BP, Orsted reach deal over overlap of UK Endurance CCS, Hornsea windfarm sites

LONDON (Reuters) – BP and Orsted have resolved a dispute over an overlapping zone in the UK North Sea between the BP-led Endurance carbon capture project and the Danish firm’s planned Hornsea 4 windfarm, the companies said in a letter published by UK authorities.

Britain granted preliminary licences for both proposed projects more than a decade ago, when an overlap of about 110 sq km on the sea floor was not seen as posing an insurmountable obstacle to either technology.

At the heart of the issue is the risk of boats used to monitor carbon leaks colliding with wind turbines fixed to the sea floor.

In previous documents, BP said it was unwilling to switch to a costlier boat-free monitoring system and Orsted said it was unwilling to cede territory, with both saying such concessions would hit their commercial prospects.

“Orsted and BP confirm that a commercial agreement has been reached,” Orsted and BP said in a letter published on Monday on the British government infrastructure planning permit website for Hornsea 4.

“BP has no remaining objection to the Hornsea Four … application and agrees to withdraw any and all prior representations made in relation to the Hornsea 4.”

They did not elaborate on details of the “commercial” agreement.
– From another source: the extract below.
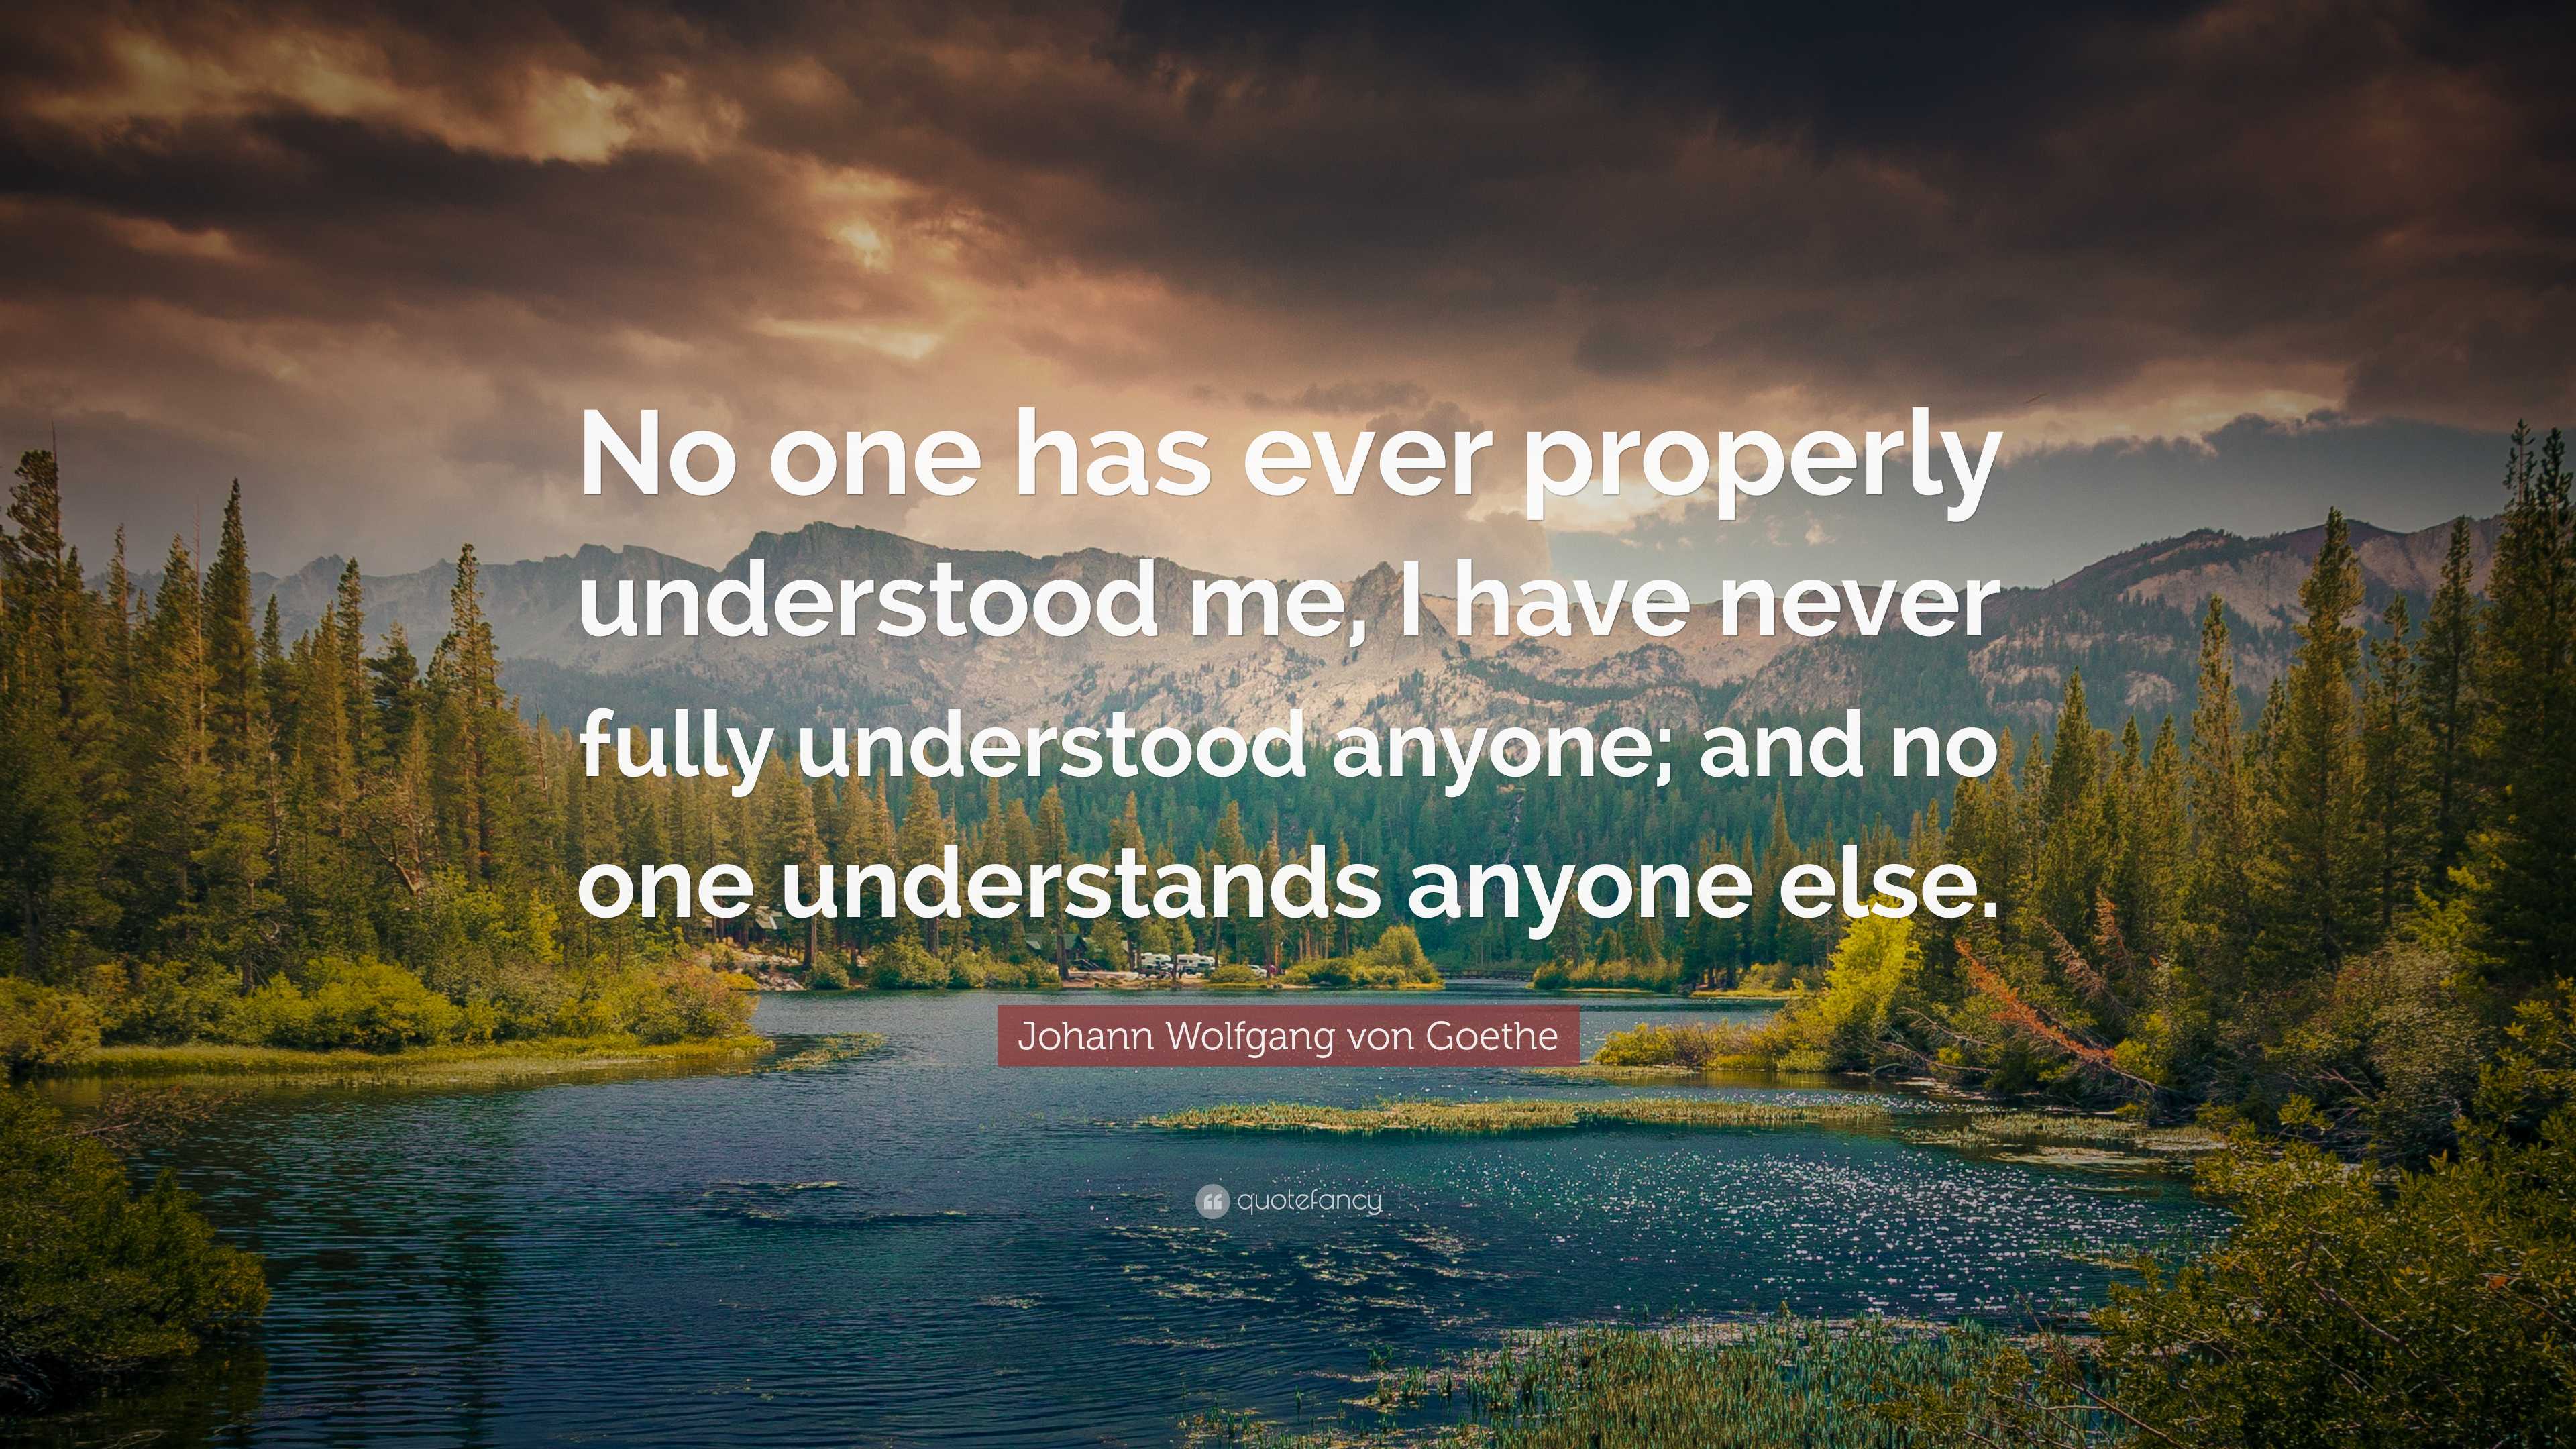 Johann Wolfgang von Goethe Quote: “No one has ever properly understood ...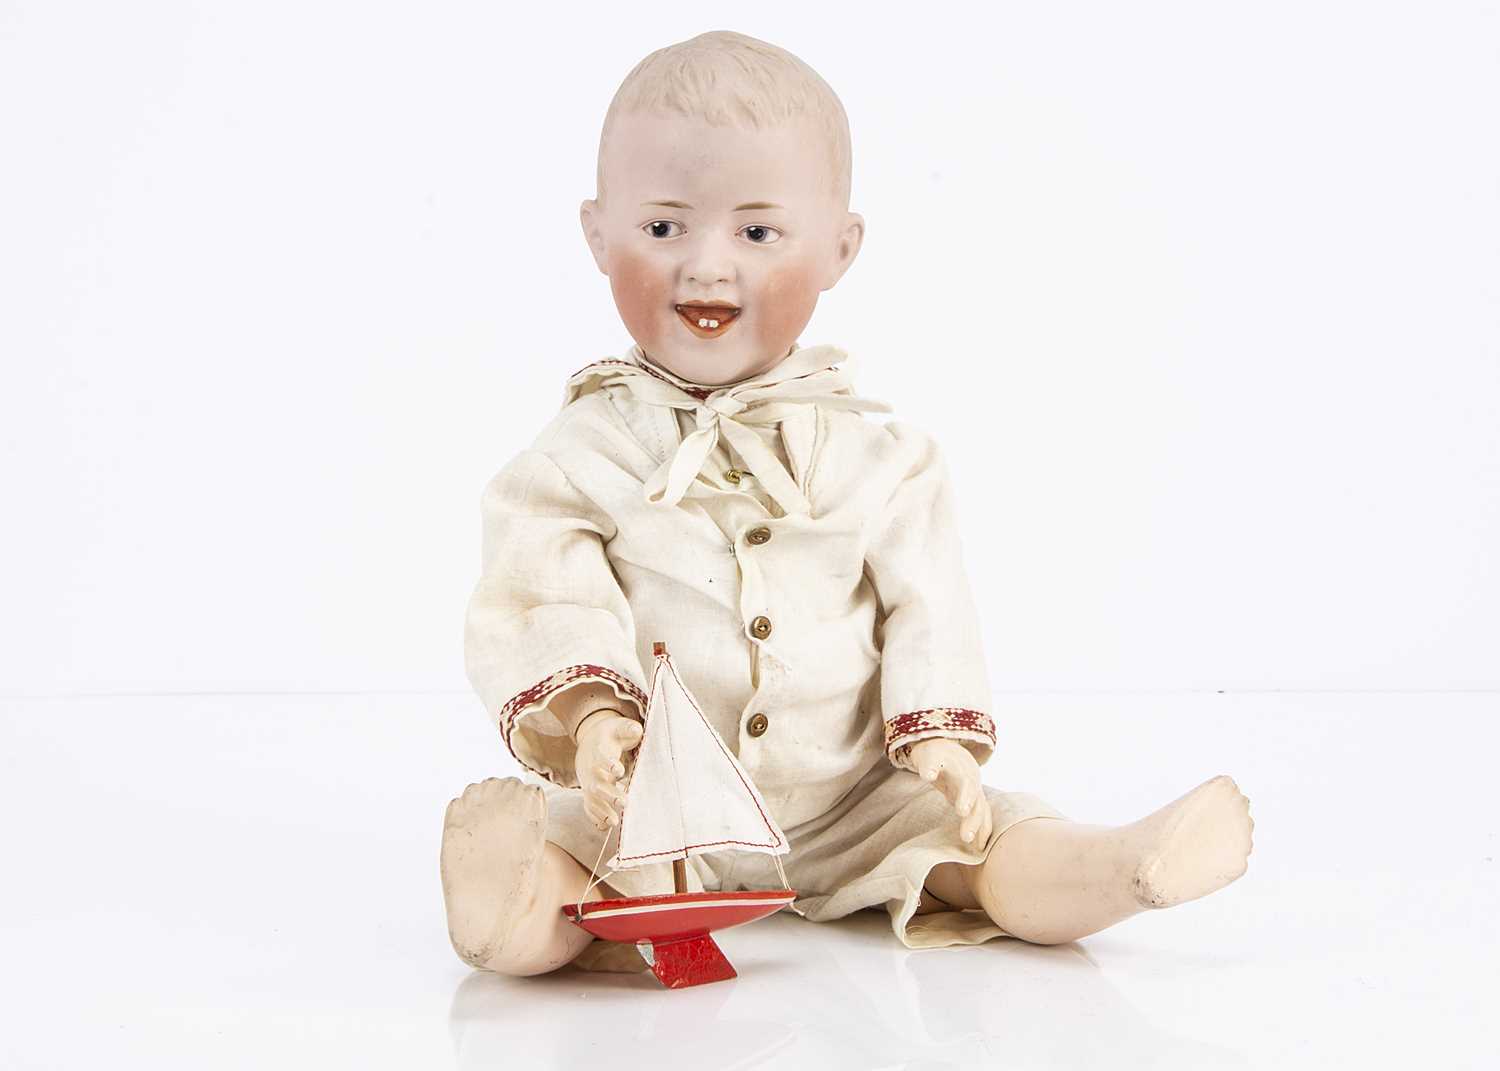 A Gebruder Heubach character laughing boy doll, - Image 2 of 2

BP was pleased to have reached a positive outcome, a spokesperson said.

An Orsted spokesperson said: “We have worked constructively with BP, the Crown Estate and other stakeholders for over two years to find a pragmatic solution that will secure the future of both projects.”

“Now that an agreement has been reached, we await the determination from the secretary of state on planning consent which is expected on July 12.”

Endurance’s capacity alone could account for at least half of the 20 million to 30 million metric tons of CO2 Britain aims to capture a year by 2030.

The windfarm’s planned capacity of 2.6 gigawatts (GW) would help Britain move towards its goal of increasing offshore wind capacity from 11 GW in 2021 to 50 GW by 2030.

“It remains clear that a long-term solution to co-location needs to be found in order to safeguard future offshore projects … If we are to meet the UKs ambitions for 2030 and beyond, it’s vital that offshore wind projects are deployed sensitively, sustainably and without delay,” the Orsted spokesperson said.